Immediately after we get to know Rourke; he’s a loner who wanders across the United States in search of, well, nothing in particular. Rourke has only one thing on his mind: to survive and kill as many of these mutants as possible. To this extent, he’s comes off as a pretty resourceful guy, with his armored car and an extensive weapon arsenal that makes the S.W.A.T. team look under-funded.
Further, Rourke keeps track of his ‘killings’ by carving incisions on his rifle by the help of his sharp dagger. So, it immediately becomes clear that the filmmakers were going for a western zombie flick (not sure if those exist apart this one) set in a modern-day post-apocalyptic America. Did they succeed? Well, for the lovers of this genre (not gonna lie, myself included) – they sure did.
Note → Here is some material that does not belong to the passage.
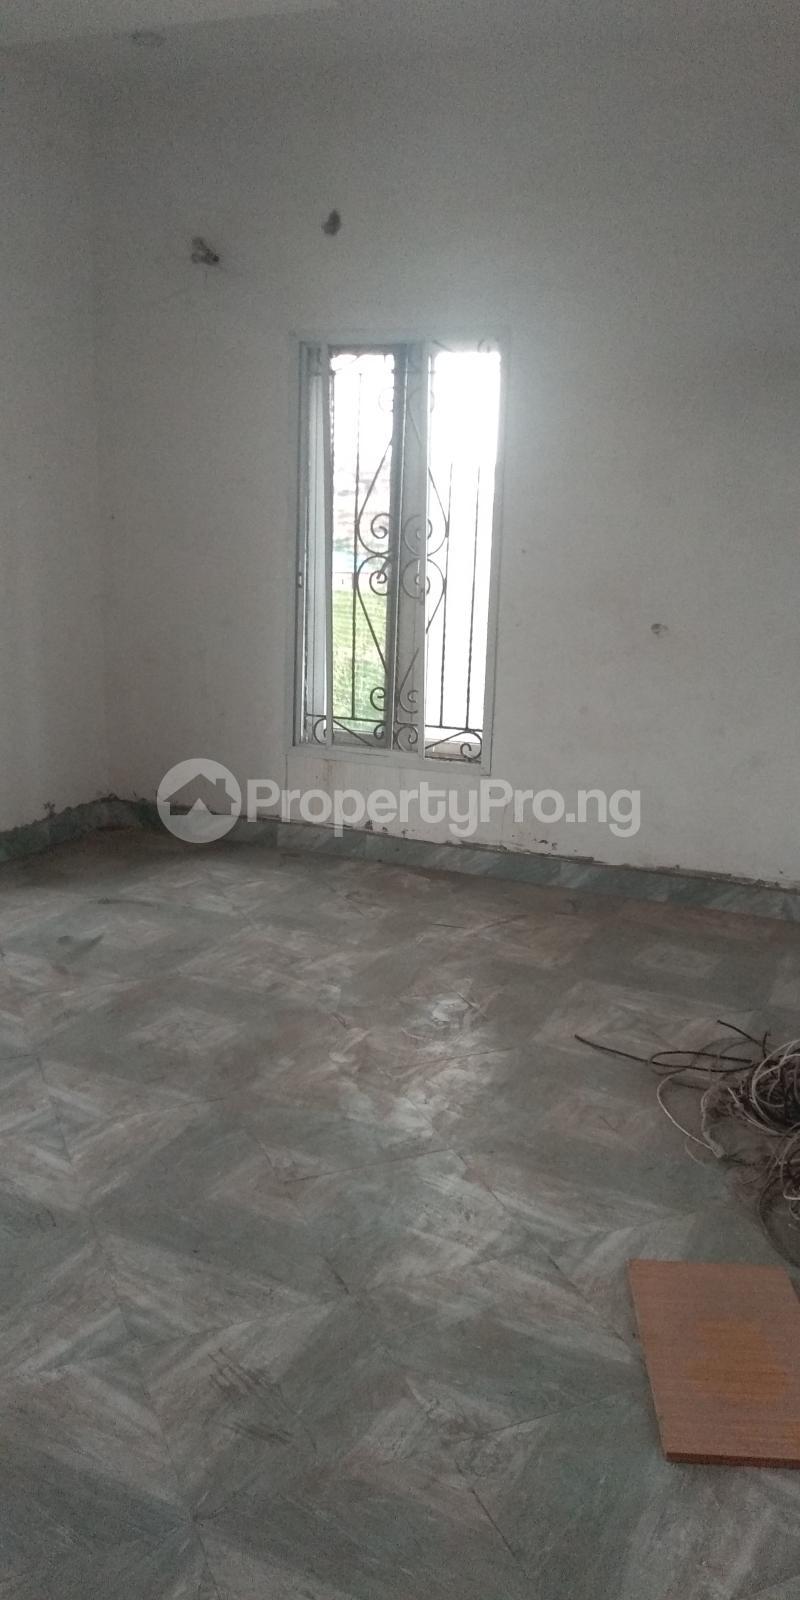 5 bedroom Land for sale Bashiru shittu street magodo shangisha Magodo GRA Phase 2 Kosofe/Ikosi Lagos - 15
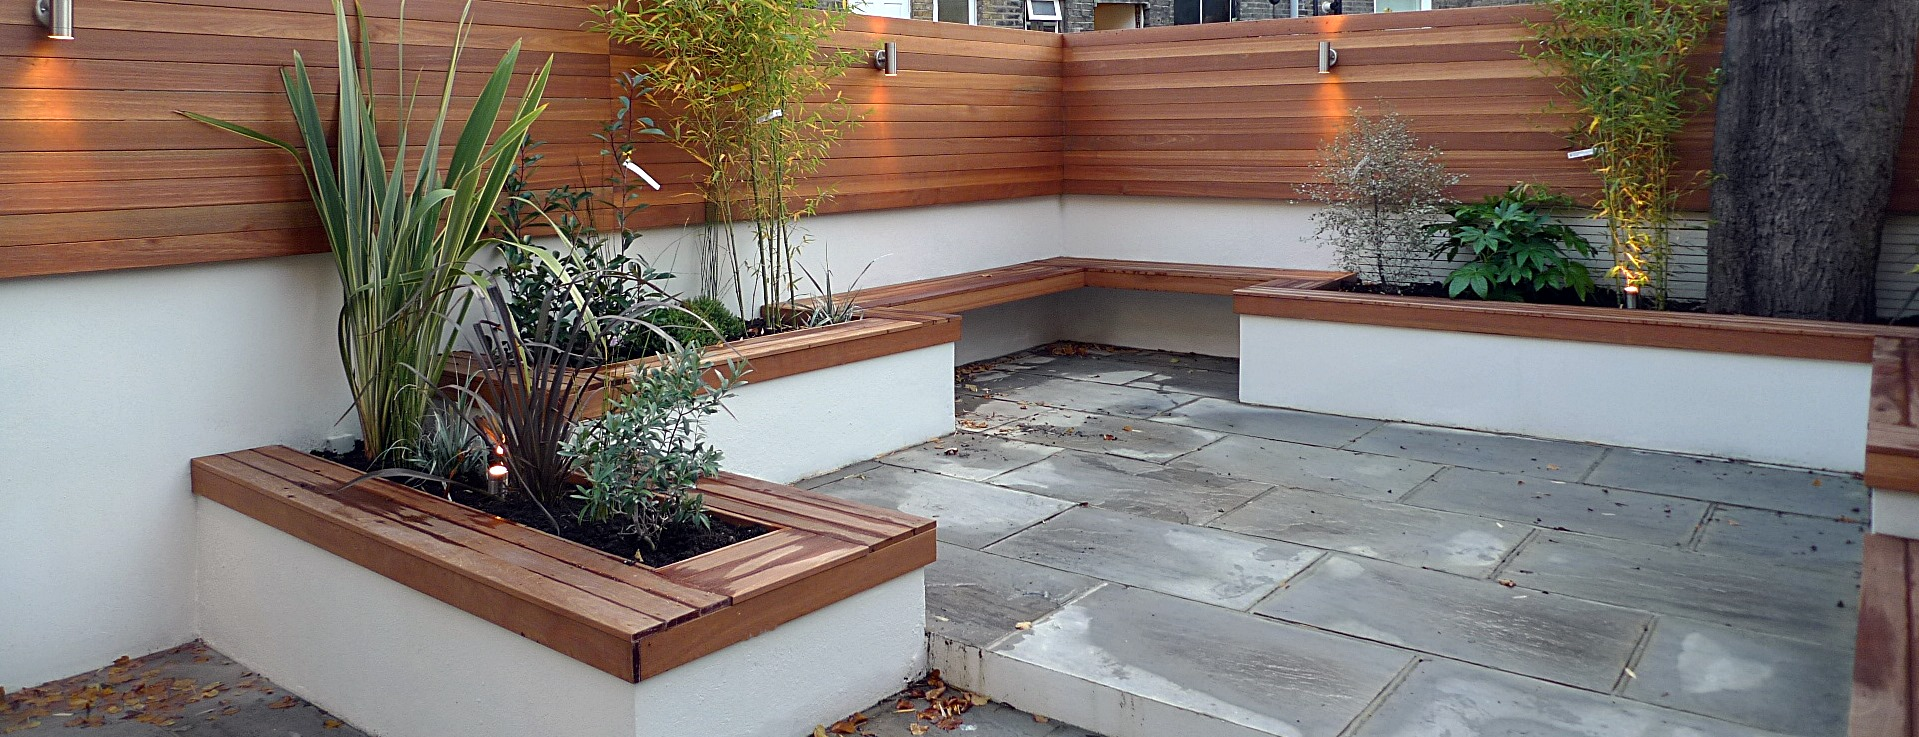 modern london courtyard low maintenance urban outdoor indoor living garden space paving screens planting bench raised beds (10)

Now let’s be honest: Daylight's End is a low-budget flick, and it’s actually holding real nice for a film of that caliber. The cinematography is quite decent, the sets are well-made, and the acting… well, this is where Daylight's End falters. The only two worthy performances are those of Johnny Strong as Rourke and Lance Henriksen playing Frank. Now, the story.
See, the story is very much a derivative of the better zombie flicks across the movieverse, but what’s really puzzling are the numerous dumb decisions made by characters that don’t need to be that dumb. Granted, the script isn’t stellar either, so the whole trouble with this aspect of the film may very well be the screenwriters’ fault.
Then comes the action, which is repetitive, boring, and downright ridiculous at times. Like that time when an some ex-policemen barricades themselves in a police station and try to hold on for their dear lives; here the action seemingly never stops, as these guys are constantly attacked by zombies in what seems like an infinite survival wave in a B- videogame. But OK.
Finally, is Daylight's End worth seeing? Well, surprisingly, yes. More so for the lovers of this genre as well, and for those who seek for new cinematic thrills, this is some pretty darn good entertainment if you ask me.